1996'dan beri üzerinde çalışılan anlaşmanın taslağı üzerinde, 4-5 Aralık 2017'de Moskova'da toplanan Hazar Ülkeleri Dışişleri Bakanları Zirvesi'nde mutabakat sağlanmıştı.
Daha önce Rusya Dışişleri Bakanı Sergey Lavrov, anlaşmanın kabul edilmesinin büyük bir atılım olacağını, 'Hazar Beşlisinin işbirliğinde daha üst seviyeye çıkılmasına imkan sağlayan güvenli hukuki temele' sahip olacağını belirtmişti.
Uzmanlar, Hazar ülkeleri liderlerinin imzaladığı belgeyi Hazar Denizi ‘Anayasası' olarak niteliyor.
YÜZEY KISMI ORTAK KULLANILACAK, DİP KISIM VE MADEN REZERVLERİ KOMŞU DEVLETLER ARASINDA PAYLAŞILACAK
Anlaşmaya göre Hazar Denizi'nin yüzey kısmı taraflarca ortak bir şekilde kullanılacak, dip kısmı ve maden rezervleriyse komşu devletlerin arasında, uluslararası hukuk temelinde anlaşılarak paylaşılacak.
Denizcilik, balıkçılık, bilimsel araştırmalar ve ana boru hatlarının döşenmesi, tarafların üzerinde mutabakata varacağı kurallara göre gerçekleşecek. Kapsamlı deniz projelerinin hayata geçirilmesi durumunda mutlaka ekoloji faktörü dikkate alınacak.
DIŞ ÜLKELER ASKERİ VARLIK GÖSTEREMEYECEK
Sputnik'e konuşan uzmanlar, anlaşmanın öneminin, tarafların üzerinde fikir birliği sağladığı ilkeleri uygulanması zorunlu olan bir belgede pekiştirilmesinden ibaret olduğunu belirtti.
Hazar Denizi'nin hukuki statüsünün belirlenmesi, SSCB'nin dağılmasının ardından Rusya, Azerbaycan, Kazakistan ve Türkmenistan'ın kurulmasıyla yeniden gündeme gelmişti, Hazar Denizi artık 5 ülke arasında bölünecekti. Hazar'ın statüsünü belirlemedeki zorluklar özellikle, havzanın farklı uluslararası hukuk kurallarına bağlanan göl ya da deniz olarak kabul edilmesinden kaynaklanıyordu. Bölgenin statüsünün çözüme kavuşturulmamış olması ayrıca, Türkmenistan gazını Azerbaycan üzerinden denizin dibinden Avrupa'ya taşıyabilecek olan Trans Hazar Doğalgaz Boru Hattı'nın yapımını engelleyen unsurlardan biriydi.
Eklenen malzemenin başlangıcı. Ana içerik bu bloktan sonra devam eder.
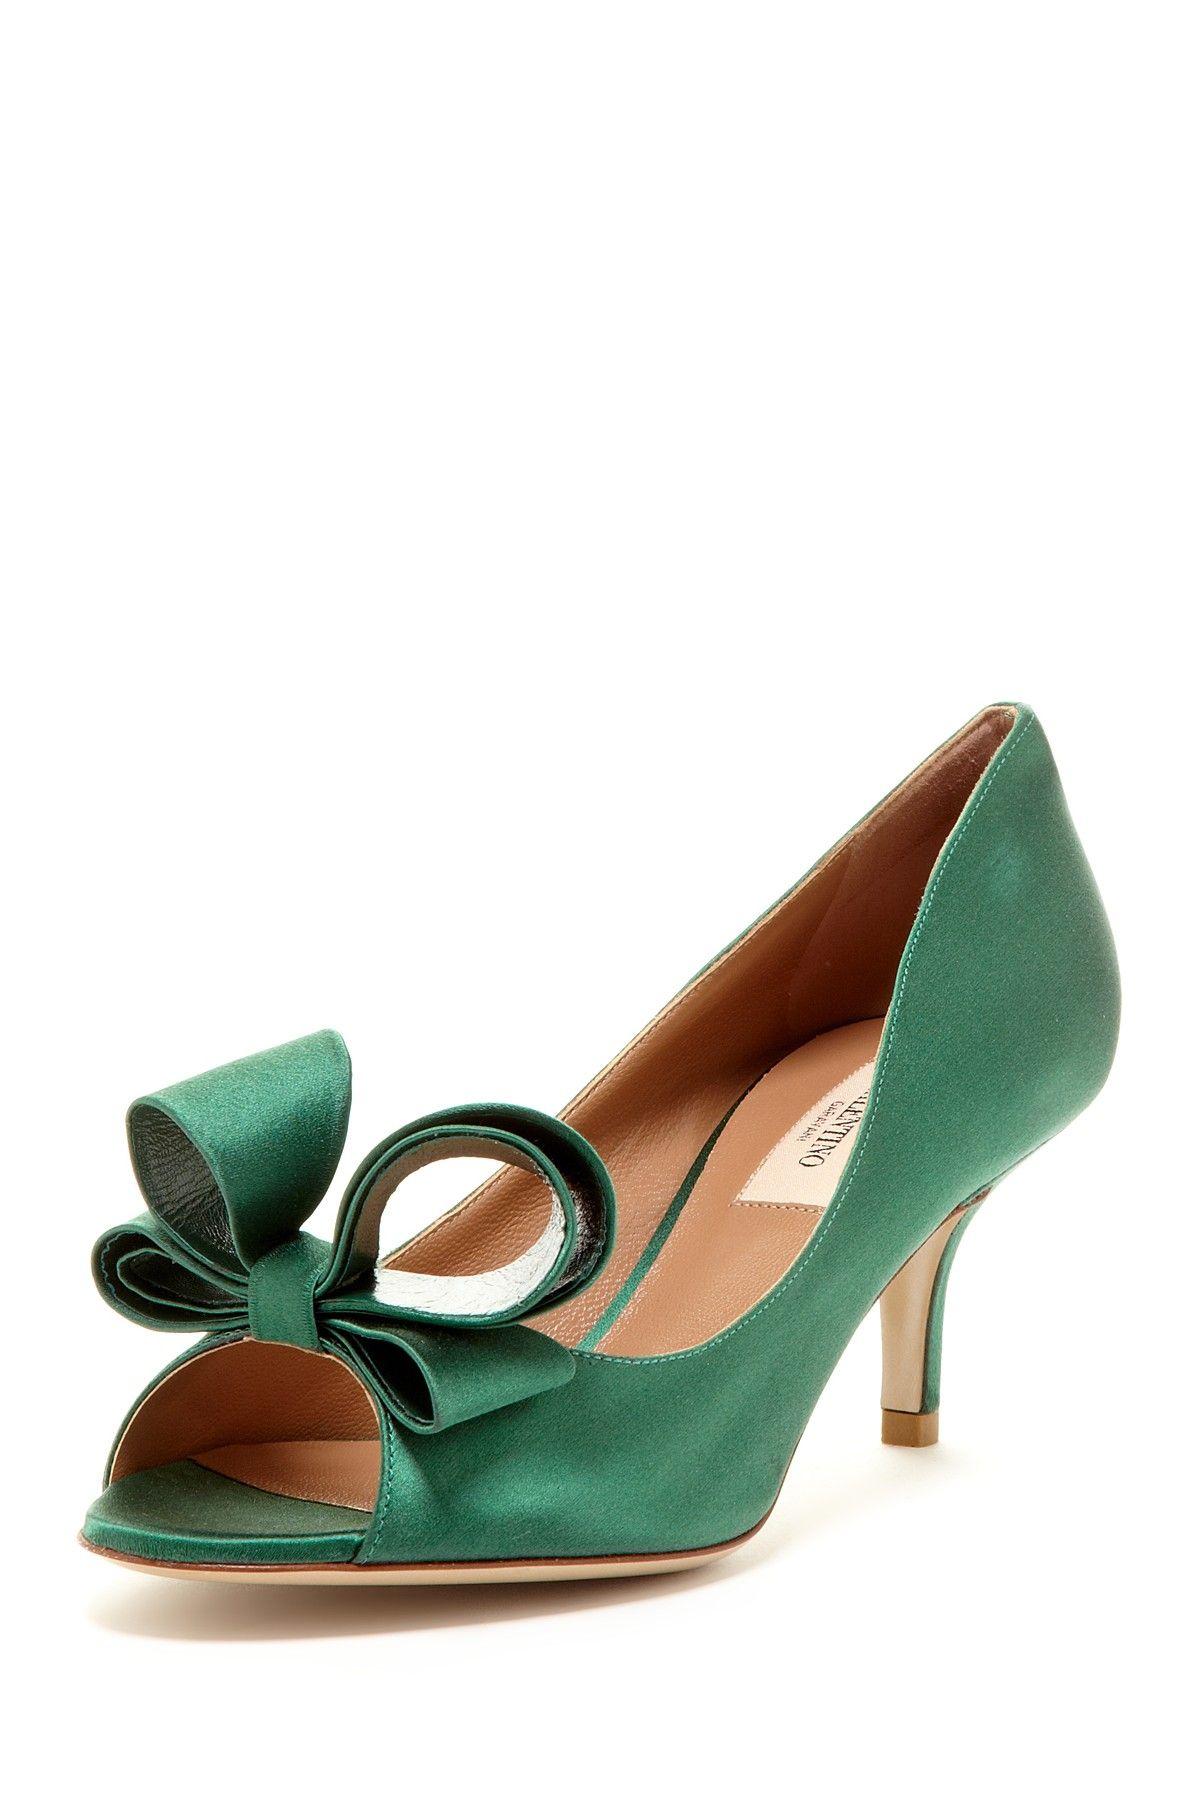 Valentino Emerald Peep Toe with Bows

Görüşmelerin başlangıcından 22 yıl sonra taraflar fikir birliğine vardı ve Hazar'ın ne göl, ne de deniz olduğunu, aynı anda hem deniz, hem de göl olarak değerlendirilemeyeceğini kararlaştırdı.
BDT (Bağımsız Devletler Topluluğu) Enstitüsü Orta Asya ve Kazakistan bölüm başkanı Andrey Grozin, Sputnik'e verdiği demeçte Hazar ülkelerinin 'bir tür hibrid' oluşturduklarını, deniz bölünmesine benzer modelde kıta sahanlığının, serbest ekonomik bölgenin, balıkçılık bölgesinin bölüştürüldüğünü ve sonuçta 'kesinlikle benzeri olmayan bir belgenin' ortaya çıktığını aktardı.